Arzt stellt fälschlicherweise Krebsdiagnosen bei Kindern, damit Eltern private Behandlung in Anspruch nehmen

Jeder, der schon einmal gegen die Krankheit Krebs ankämpfen oder einem geliebten Menschen dabei zusehen musste, der weiß, wie schrecklich das ist.

Es ist nach wie vor eine Bedrohung für uns Menschen und nimmt jedes Jahr unzählige Leben von guten Menschen.

Umso schlimmer ist dabei der Gedanke, dass etwa ein Arzt auf die Idee kommt, falsche Krebsdiagnosen zu stellen, nur um dadurch mehr Geld zu verdienen. Erst recht, wenn es bei dem Patienten um ein Kind geht.

Laut mehreren Berichten ist das aber leider passiert, wodurch ein Kinderarzt angeklagt wird, falsche Krebsdiagnosen bei drei Kindern gestellt zu haben.

Dr. Mina Chowdhury, der als Geschäftsführer einer privaten Gesundheitsgesellschaft in Glasgow, Schottland, arbeitete, stand unter so großem Druck, dass er Eltern durch falsche Krebsdiagnosen ihrer Kinder in Angst und Schrecken versetzte.

Der Arzt versetzte eine Mutter in große Panik, als sie ihr erzählte, dass ihre Tochter Magenkrebs habe, der schnell streuen würde, sollte ihre Tochter nicht privat behandelt werden. Es wird vermutet, dass er das Gleiche bei zwei weiteren Kindern gemacht haben soll.

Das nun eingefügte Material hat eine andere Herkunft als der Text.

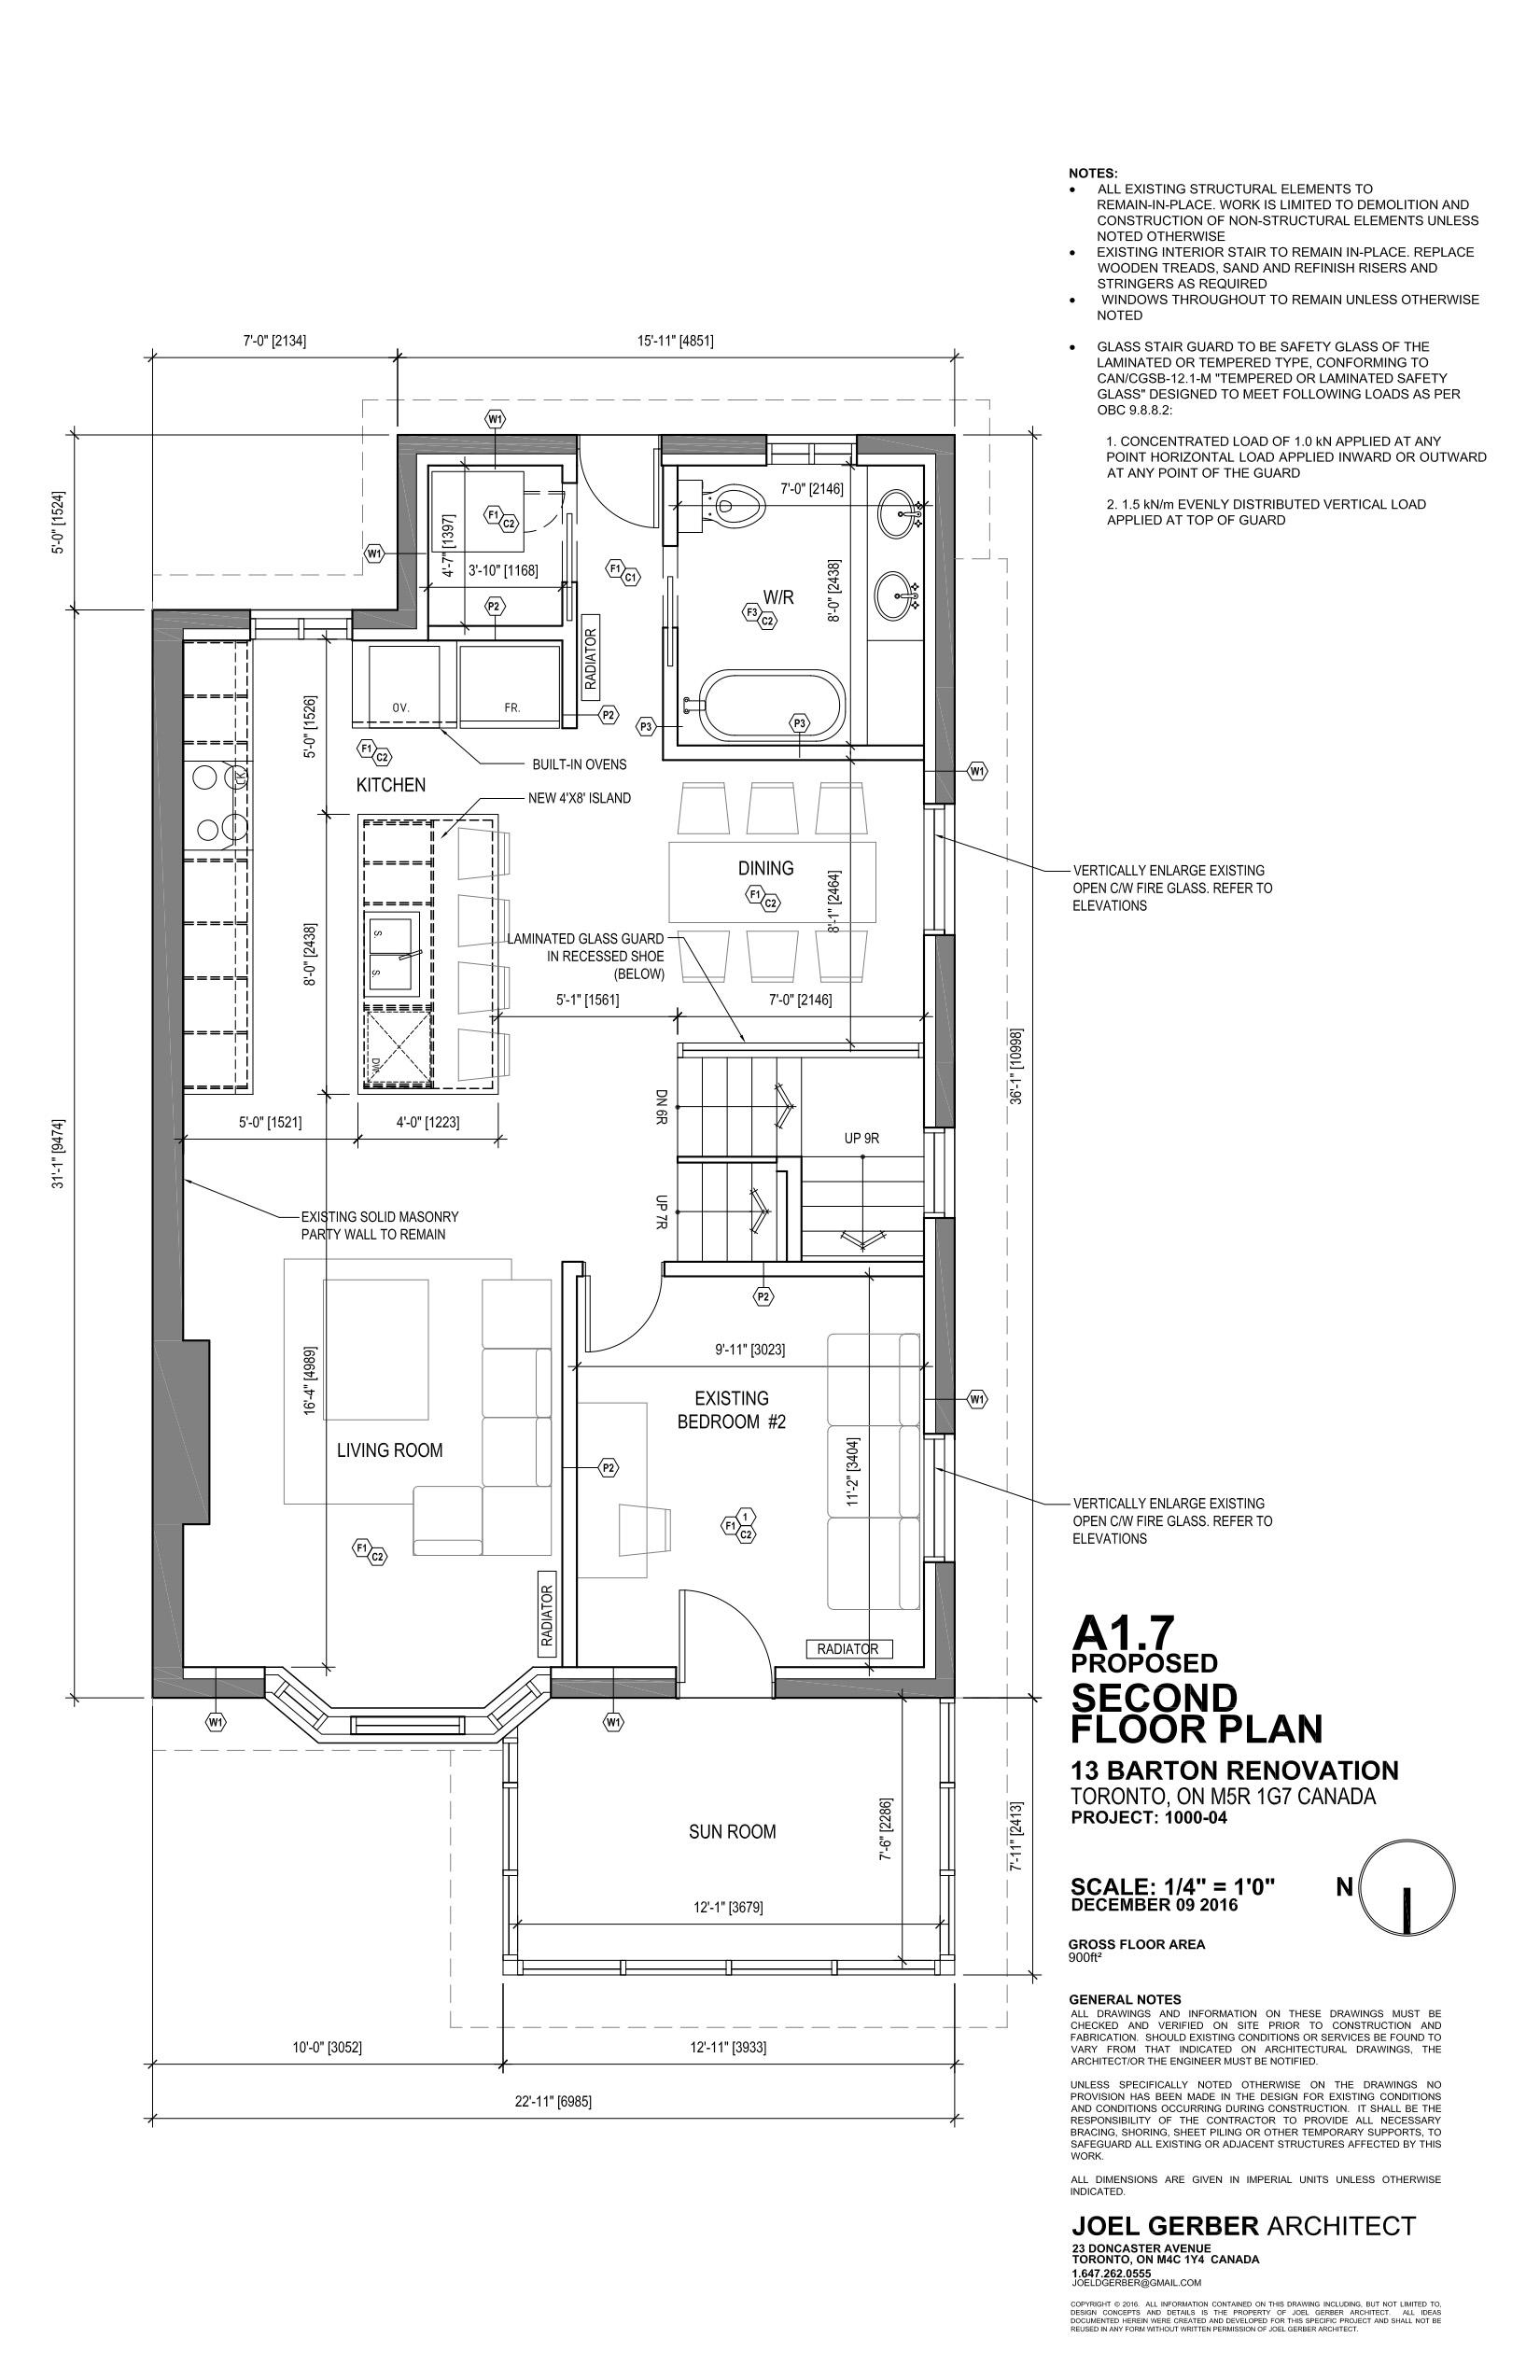 Drawing, Second Floor

Er empfahl Scans und weitere Tests, die alle in seiner finanziell in Schieflage geratenen Firma, Meras Healthcare, gemacht werden sollten.

Die Mail Online berichtete, dass der Medical Practitioners Tribunal Service (MPTS) darüber entscheidet, ob der Arzt seine Approbation behalten darf. Sollte sein Tun als „schädlich“ eingestuft werden, wird er sie wohl verlieren.

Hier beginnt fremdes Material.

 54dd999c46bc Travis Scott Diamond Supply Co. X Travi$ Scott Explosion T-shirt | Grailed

Neben diesen Anschuldigungen soll Dr. Chowdhury die betroffenen Eltern darüber informiert haben, dass sie lange Wartelisten für ihre Kinder zu befürchten haben, sollten sie Hilfe über den National Health Service (wo die Behandlung kostenlos gewesen wäre) in Anspruch nehmen.

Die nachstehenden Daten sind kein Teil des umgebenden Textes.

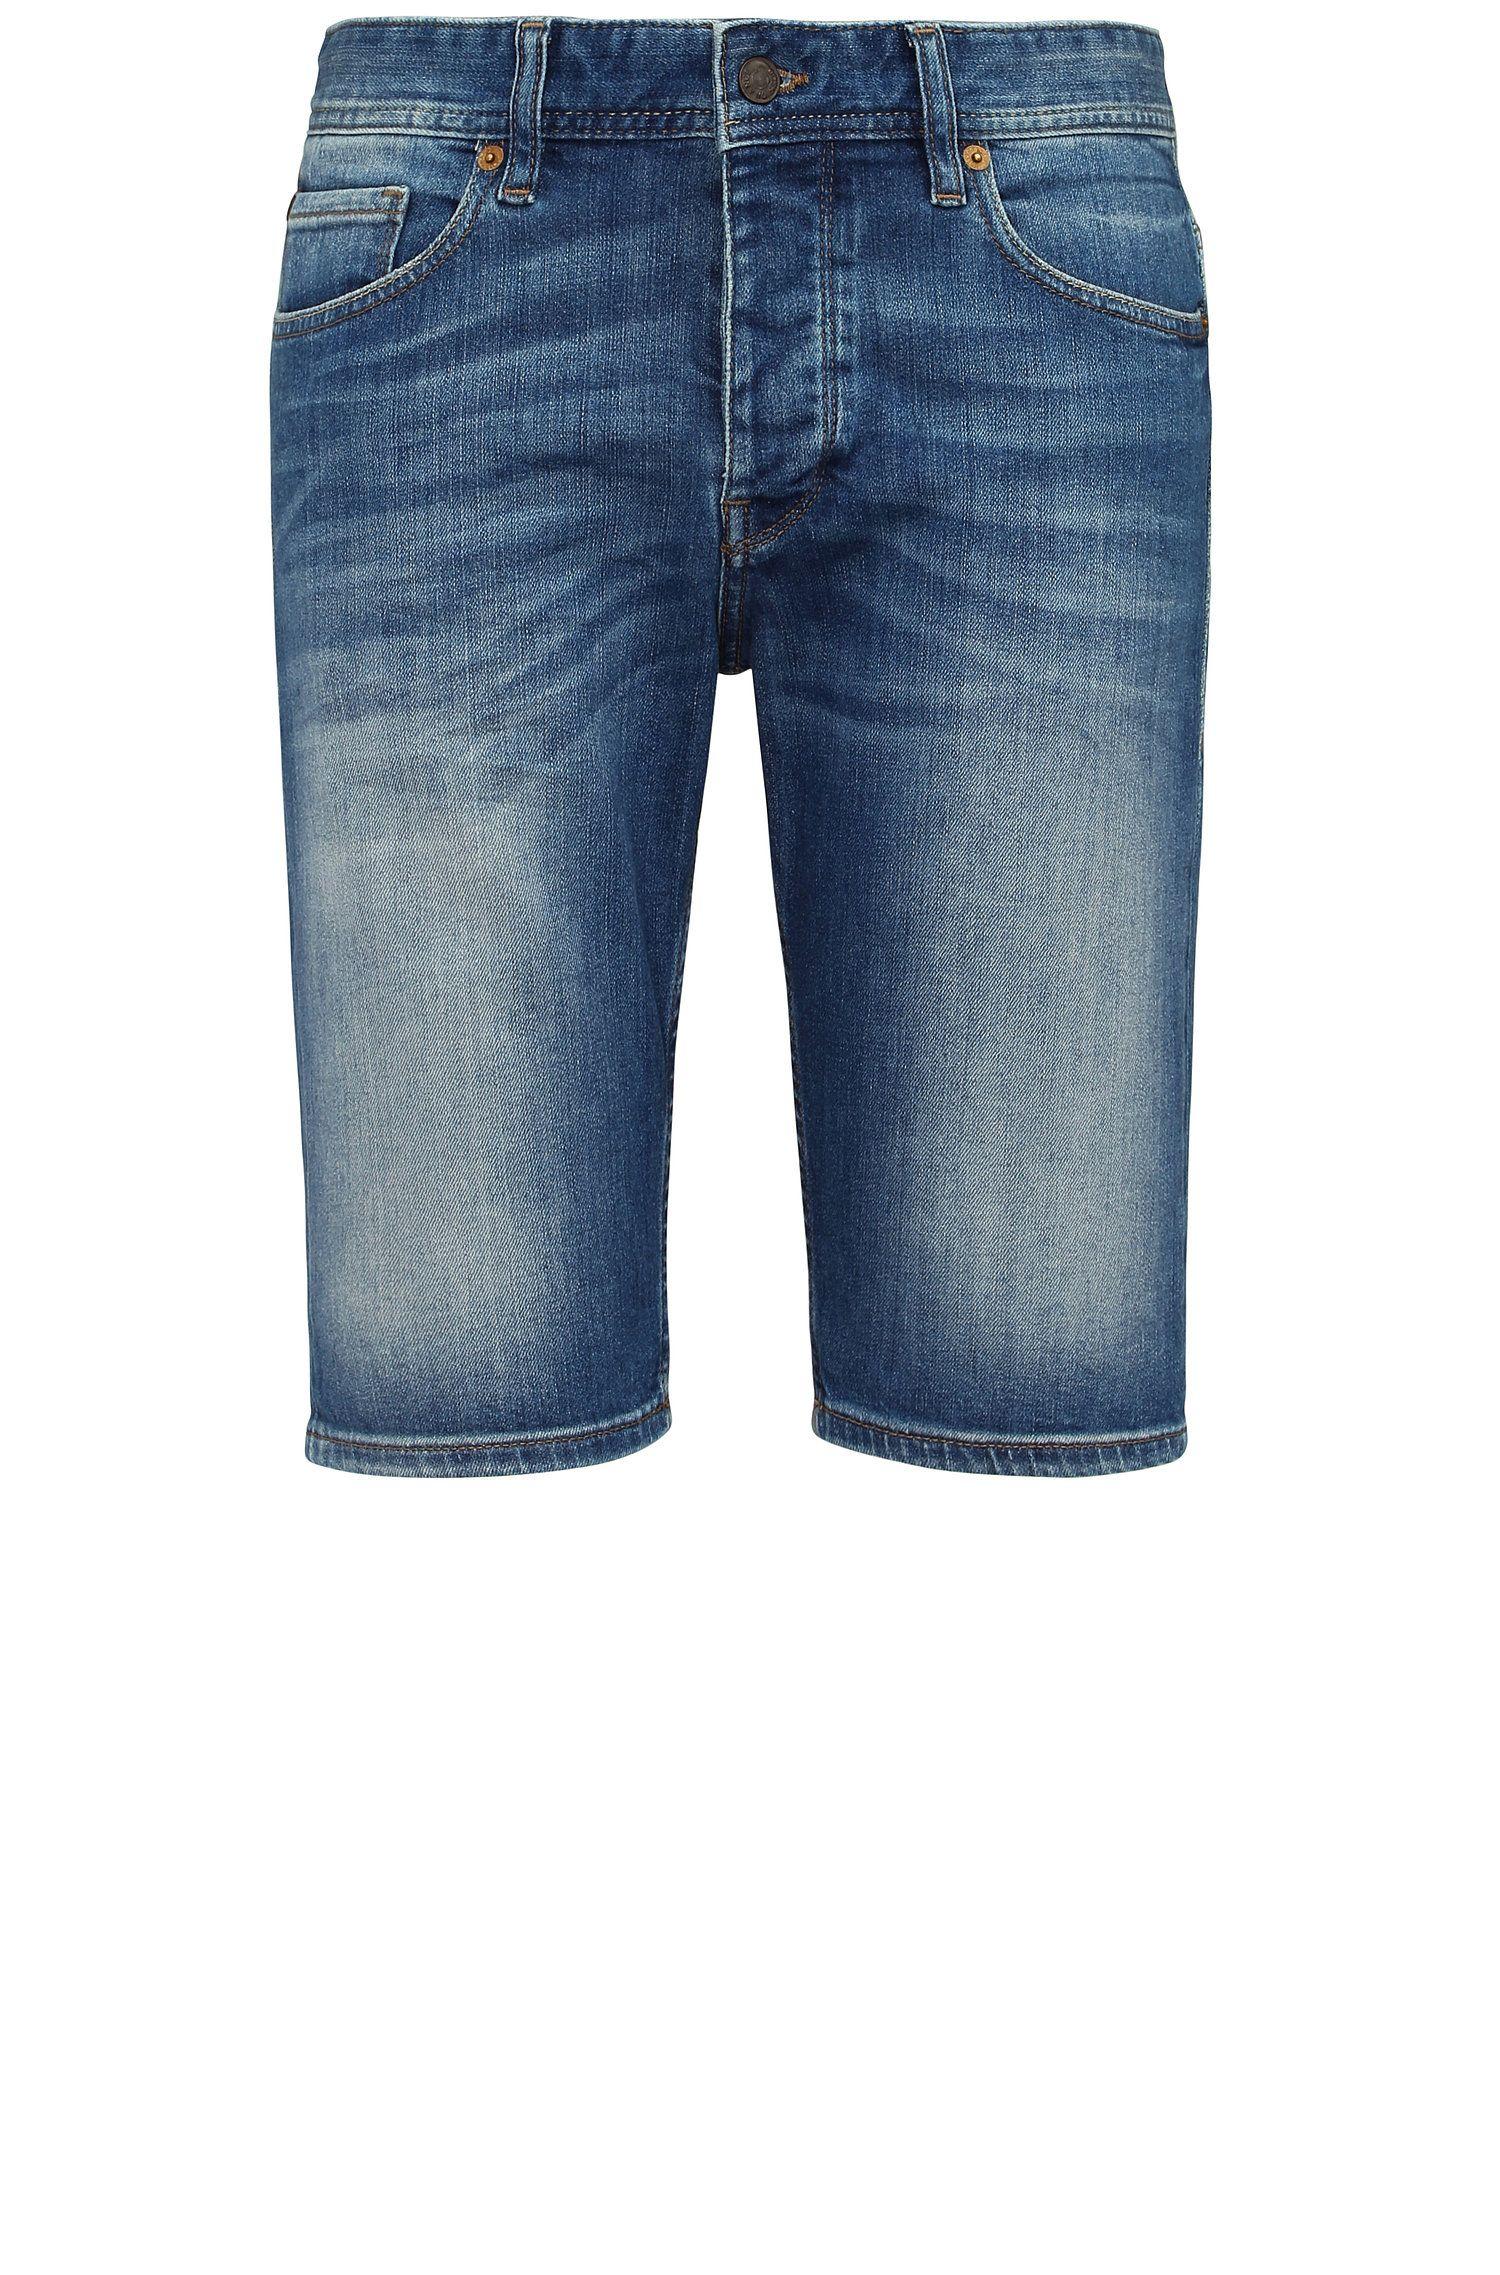 'Orange 90 Short' | Stretch Cotton, 11 oz Denim Shorts

Außerdem behauptete er, dass es bestimmte Geräte nicht in Schottland gebe.

Der Vorsitzende des Gerichts, James Newton-Price, sagte dazu:

„Das Gericht sieht es als erwiesen an, dass Dr. Chowdhury nicht dafür gesorgt hat, dass Patienten A, B und C keine klinische Hilfe bekam, außerdem konnte nach weiteren Untersuchungen festgestellt werden, dass er falsche Krebsdiagnosen stellte, wofür er darüber hinaus noch unnötige und falsche Tests in London durchführte.

Er überzeugte die Eltern A, B und C davon, unnötige Tests im Zuge der falschen Krebsdiagnose durchzuführen.

Foto: Shutterstock

Das Gericht kommt zu dem unausweichlichen Entschluss, dass Dr. Chowdhury so gehandelt hat, um die Einnahmen zu steigern und die Verluste seines Unternehmens auszugleichen und deswegen hatten all seine Taten eine finanzielle Motivation.“

Bei einer Anhörung im Oktober hatte die Mutter eines Kindes – aufgeführt als Eltern A – ausgesagt, dass Dr. Chowdhury zunächst ihre Tochter gebeten habe, den Raum zu verlassen, um dann ihr zu sagen: „Wir müssen jetzt ein ernstes Gespräch führen. Wir führen jetzt ein Gespräch, wovor alle Eltern Angst haben. Wir reden jetzt über das Wort, das mit K beginnt.“

Als die Mutter ihre Tochter dann von Unfall- und Notfallärzten untersuchen ließ, konnten sie keine Leiden feststellen, die Dr. Chowdhury diagnostiziert hatte.

Ich kann mir nicht vorstellen, in was für einer Achterbahn der Gefühle sich diese armen Eltern und Kinder befunden haben müssen.

Sollte Dr. Chowdhury schuldig gesprochen werden, hoffe ich, dass er die gerechte Strafe erhält.